A higher number of CKDu subjects reported pesticide use. The numbers of residents who were involved in pesticide use were n = 12/53 in CKDu and n = 7/55 in CKD, Table 1; subjects involved in pesticide use either performed mixing or spraying or both for a median (with 25-75 quartiles) of 18 (11.25-25) years in CKDu and 20 (12-25) years in CKD subjects (p>.05). There was no pesticide user in healthy controls. However, exact days per year during which residents were involved in mixing or spraying or both were not reported by the pesticide users.

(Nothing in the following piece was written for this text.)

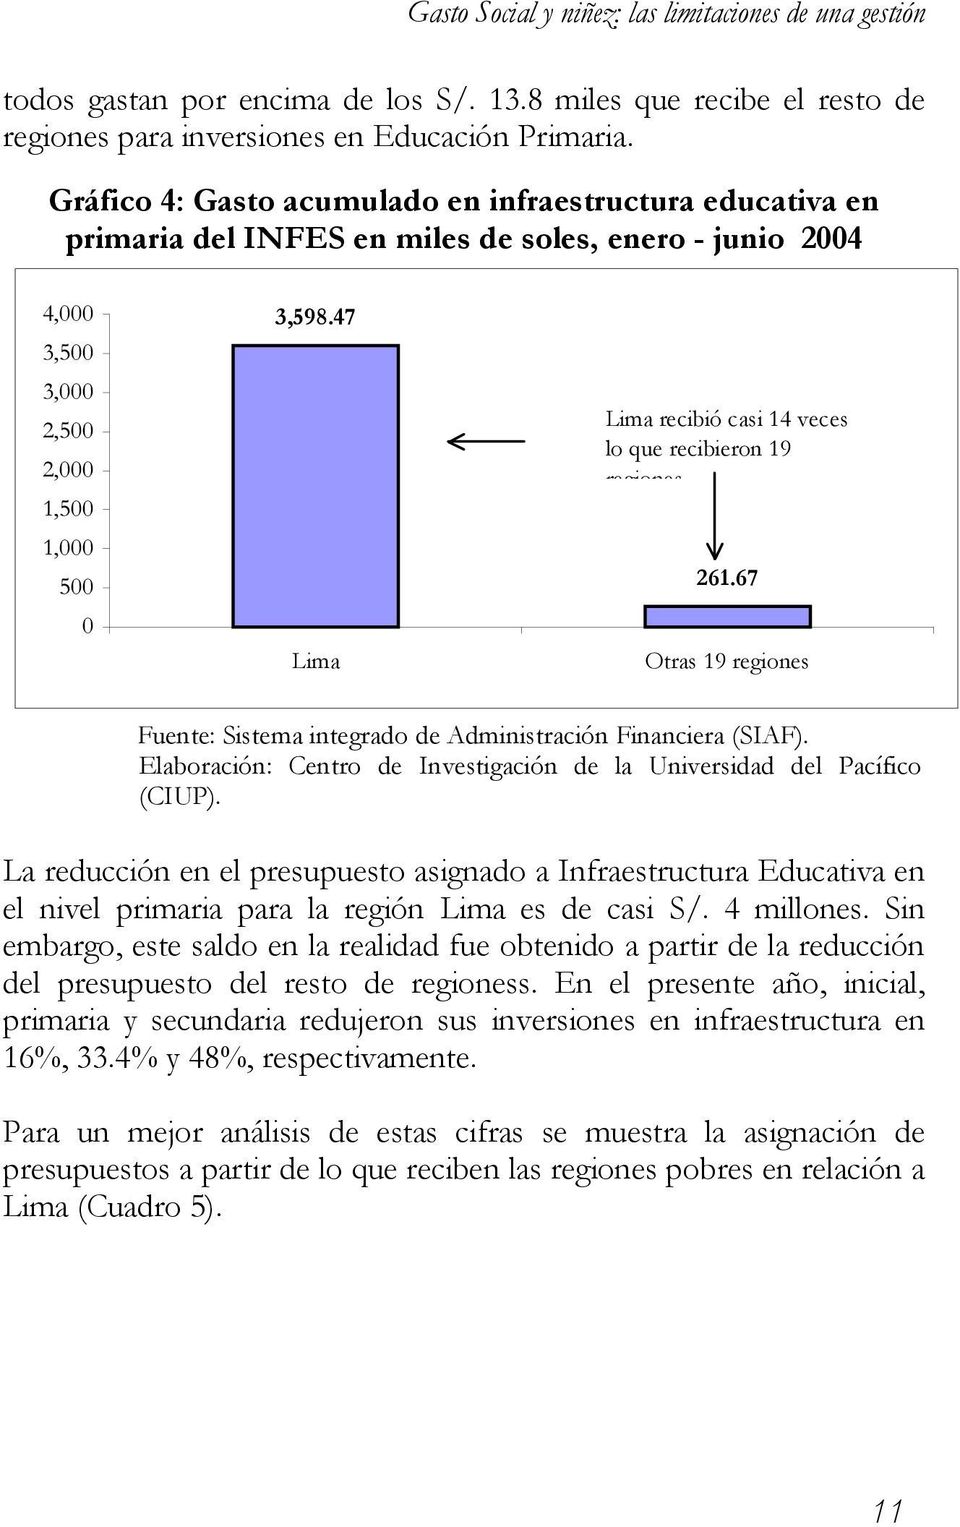 47 Lima Lima recibió casi 14 veces lo que recibieron 19 regiones 261.67 Otras 19 regiones Fuente: Sistema integrado de Administración Financiera (SIAF).

Subjects with CKDu and CKD had significantly higher heat exposure. Based on annual average temperature (28.710C) and relative humidity (58%) of Madhya Pradesh, a heat stress index of 29.46 is found. Significantly more subjects with CKD and CKDu were associated with occupations like farming and manual labor [Table 1]. Blood pressures were significantly higher in CKD subjects than in CKDu and healthy subjects. Both ACR and PCR were also significantly different between CKD and CKDu. The eGFR was not significantly different between the CKD and CKDu subjects. Only subjects with nonmissing data were included for the final analysis.

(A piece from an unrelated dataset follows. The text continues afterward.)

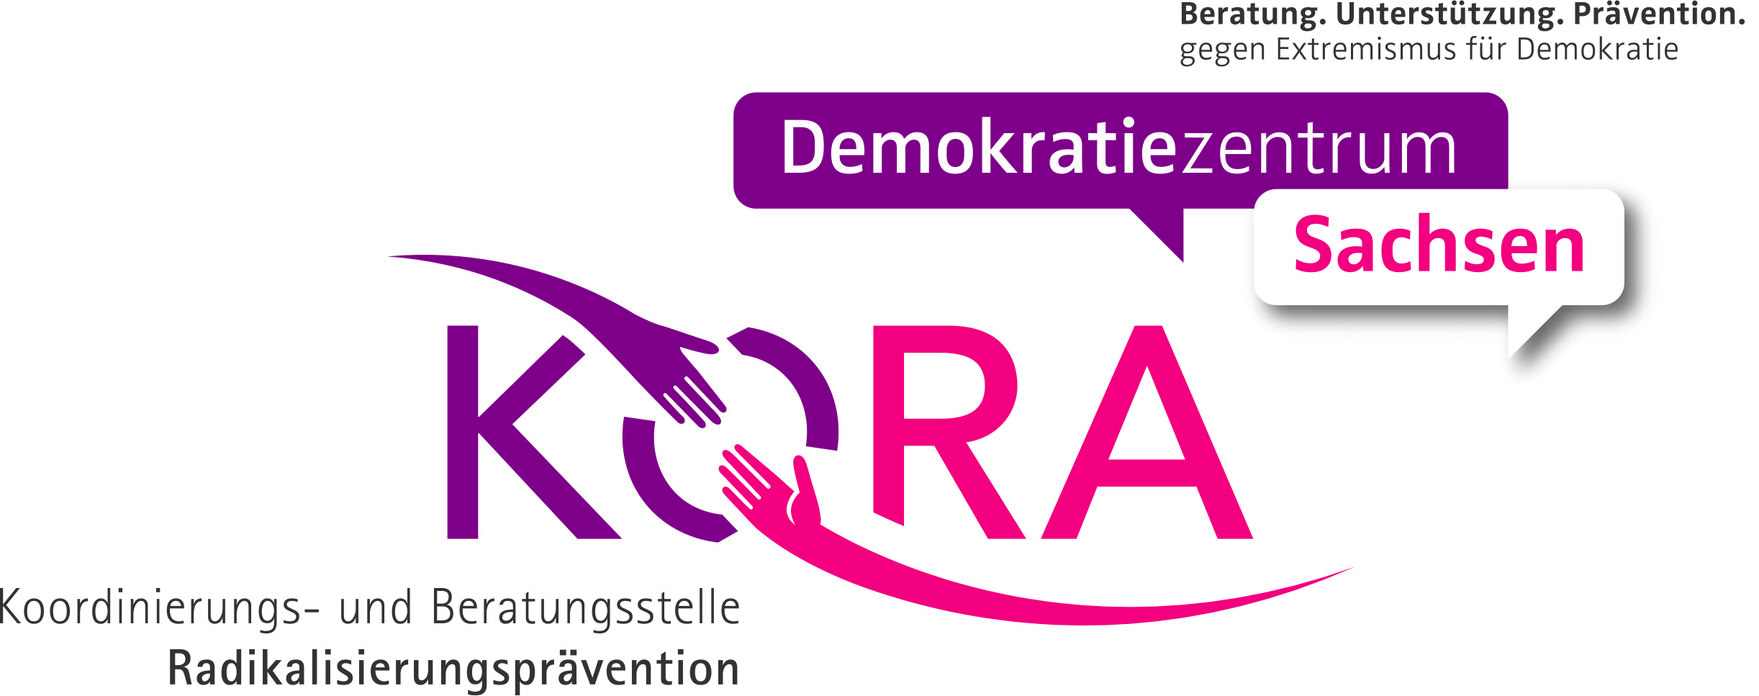 DAs Bild zeigt das Logo der Koordinierungs- und Beratungsstelle Radikalisierungsprävention im Demokratie-Zentrum Sachsen.

Pesticide analysis results
Twenty-two types of pesticides were measured in the serum, in concentration of parts per billion (ppb) or micrograms per liter. Six of these were organophosphorus (OP) and sixteen belonged to the OC category. Among the OPs, phorate, phorate sulfone, ethion (ET), malathion, CP, and CP-methyl were measured. In the OC category, aldrin, alfa, and beta-endosulfan; four isomers of hexachlorocyclohexane (HCH)-alfa, beta, delta, and gamma HCH (lindane); Cis and trans chlordane; heptachlor and heptachlor epoxide; P’P and O’P-DDE; and endrin and endrin-aldehyde were measured.
Among the OPs, CP, ET, and phorate were detectable in serum [Table 2], whereas phorate sulfone, malathion, and CP-methyl were undetectable [Table S2]. Among the OCs, only aldrin, alfa, beta-endosulfan, delta and gamma HCH (lindane), Cis, and trans chlordane were measurable [Table 2]. In contrast, alfa and beta HCH; heptachlor and heptachlor epoxide; P’P and O’P-DDE; endrin and endrin-aldehyde were unmeasurable [Table S2].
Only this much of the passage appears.